Problem requirements ▸
Please copy each line from the entries that contains the string "Interior".

Raw data ▸
####################
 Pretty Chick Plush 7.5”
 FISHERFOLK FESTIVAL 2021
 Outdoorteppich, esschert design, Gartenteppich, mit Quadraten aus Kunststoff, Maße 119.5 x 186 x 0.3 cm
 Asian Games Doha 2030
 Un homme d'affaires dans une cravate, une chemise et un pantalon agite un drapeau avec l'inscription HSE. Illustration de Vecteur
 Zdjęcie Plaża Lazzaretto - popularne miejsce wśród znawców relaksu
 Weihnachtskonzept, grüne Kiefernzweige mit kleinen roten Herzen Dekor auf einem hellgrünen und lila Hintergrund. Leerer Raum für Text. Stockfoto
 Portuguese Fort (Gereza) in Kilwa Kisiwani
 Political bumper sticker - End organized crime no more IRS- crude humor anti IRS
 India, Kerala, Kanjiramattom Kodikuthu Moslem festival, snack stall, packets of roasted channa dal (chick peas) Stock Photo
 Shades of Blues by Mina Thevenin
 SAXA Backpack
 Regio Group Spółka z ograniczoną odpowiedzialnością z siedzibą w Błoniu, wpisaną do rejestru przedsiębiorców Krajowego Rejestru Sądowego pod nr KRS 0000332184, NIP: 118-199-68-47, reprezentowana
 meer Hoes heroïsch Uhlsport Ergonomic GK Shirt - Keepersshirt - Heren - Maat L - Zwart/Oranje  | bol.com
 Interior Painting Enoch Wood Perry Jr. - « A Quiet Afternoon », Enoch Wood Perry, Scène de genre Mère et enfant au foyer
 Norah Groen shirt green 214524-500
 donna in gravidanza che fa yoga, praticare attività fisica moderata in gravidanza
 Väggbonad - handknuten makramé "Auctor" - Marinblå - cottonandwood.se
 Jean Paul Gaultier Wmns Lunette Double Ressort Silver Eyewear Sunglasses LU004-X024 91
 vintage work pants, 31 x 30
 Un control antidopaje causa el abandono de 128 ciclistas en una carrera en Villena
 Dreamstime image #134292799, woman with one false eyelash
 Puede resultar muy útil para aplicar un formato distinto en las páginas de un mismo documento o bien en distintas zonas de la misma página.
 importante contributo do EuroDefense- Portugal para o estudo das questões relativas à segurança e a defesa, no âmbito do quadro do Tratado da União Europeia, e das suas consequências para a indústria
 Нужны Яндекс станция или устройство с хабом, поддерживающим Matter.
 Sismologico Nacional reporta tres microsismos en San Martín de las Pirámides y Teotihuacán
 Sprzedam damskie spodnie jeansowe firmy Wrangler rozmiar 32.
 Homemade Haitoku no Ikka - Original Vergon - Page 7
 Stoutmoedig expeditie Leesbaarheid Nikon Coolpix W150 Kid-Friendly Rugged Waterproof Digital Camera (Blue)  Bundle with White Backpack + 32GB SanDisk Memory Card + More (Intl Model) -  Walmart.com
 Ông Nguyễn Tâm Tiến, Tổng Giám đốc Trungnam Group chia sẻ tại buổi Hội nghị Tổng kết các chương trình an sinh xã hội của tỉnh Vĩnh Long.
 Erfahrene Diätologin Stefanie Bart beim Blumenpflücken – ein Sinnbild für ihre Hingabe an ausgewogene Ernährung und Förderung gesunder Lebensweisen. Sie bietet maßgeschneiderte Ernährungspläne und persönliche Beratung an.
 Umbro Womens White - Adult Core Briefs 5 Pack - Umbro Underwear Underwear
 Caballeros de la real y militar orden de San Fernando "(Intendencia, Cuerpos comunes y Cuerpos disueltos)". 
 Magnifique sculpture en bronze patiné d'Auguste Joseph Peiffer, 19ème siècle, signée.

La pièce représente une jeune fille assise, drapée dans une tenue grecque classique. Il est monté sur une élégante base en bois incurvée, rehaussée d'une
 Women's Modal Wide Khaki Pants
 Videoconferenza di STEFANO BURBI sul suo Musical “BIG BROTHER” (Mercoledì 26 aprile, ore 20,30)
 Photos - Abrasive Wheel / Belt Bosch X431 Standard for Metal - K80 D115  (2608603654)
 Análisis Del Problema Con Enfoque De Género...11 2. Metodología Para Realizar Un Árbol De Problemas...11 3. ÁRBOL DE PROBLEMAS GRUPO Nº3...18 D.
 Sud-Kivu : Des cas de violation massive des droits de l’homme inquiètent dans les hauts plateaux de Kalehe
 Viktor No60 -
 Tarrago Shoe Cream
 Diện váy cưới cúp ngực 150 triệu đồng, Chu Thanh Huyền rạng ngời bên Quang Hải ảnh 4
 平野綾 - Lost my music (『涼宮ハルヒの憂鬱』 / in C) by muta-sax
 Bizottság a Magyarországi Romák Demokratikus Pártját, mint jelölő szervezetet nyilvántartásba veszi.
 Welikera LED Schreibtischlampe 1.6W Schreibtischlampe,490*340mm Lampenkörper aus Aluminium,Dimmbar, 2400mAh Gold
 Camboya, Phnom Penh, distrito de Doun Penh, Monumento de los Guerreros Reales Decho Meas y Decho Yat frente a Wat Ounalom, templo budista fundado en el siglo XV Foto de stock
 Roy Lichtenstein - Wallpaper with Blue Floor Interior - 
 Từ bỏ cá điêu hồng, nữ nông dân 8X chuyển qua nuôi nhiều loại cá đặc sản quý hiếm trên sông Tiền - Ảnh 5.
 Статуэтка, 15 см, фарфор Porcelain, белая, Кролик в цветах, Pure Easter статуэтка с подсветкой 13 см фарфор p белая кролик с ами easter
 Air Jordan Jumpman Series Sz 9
####################
Exercise response ▸
 Interior Painting Enoch Wood Perry Jr. - « A Quiet Afternoon », Enoch Wood Perry, Scène de genre Mère et enfant au foyer
 Roy Lichtenstein - Wallpaper with Blue Floor Interior - 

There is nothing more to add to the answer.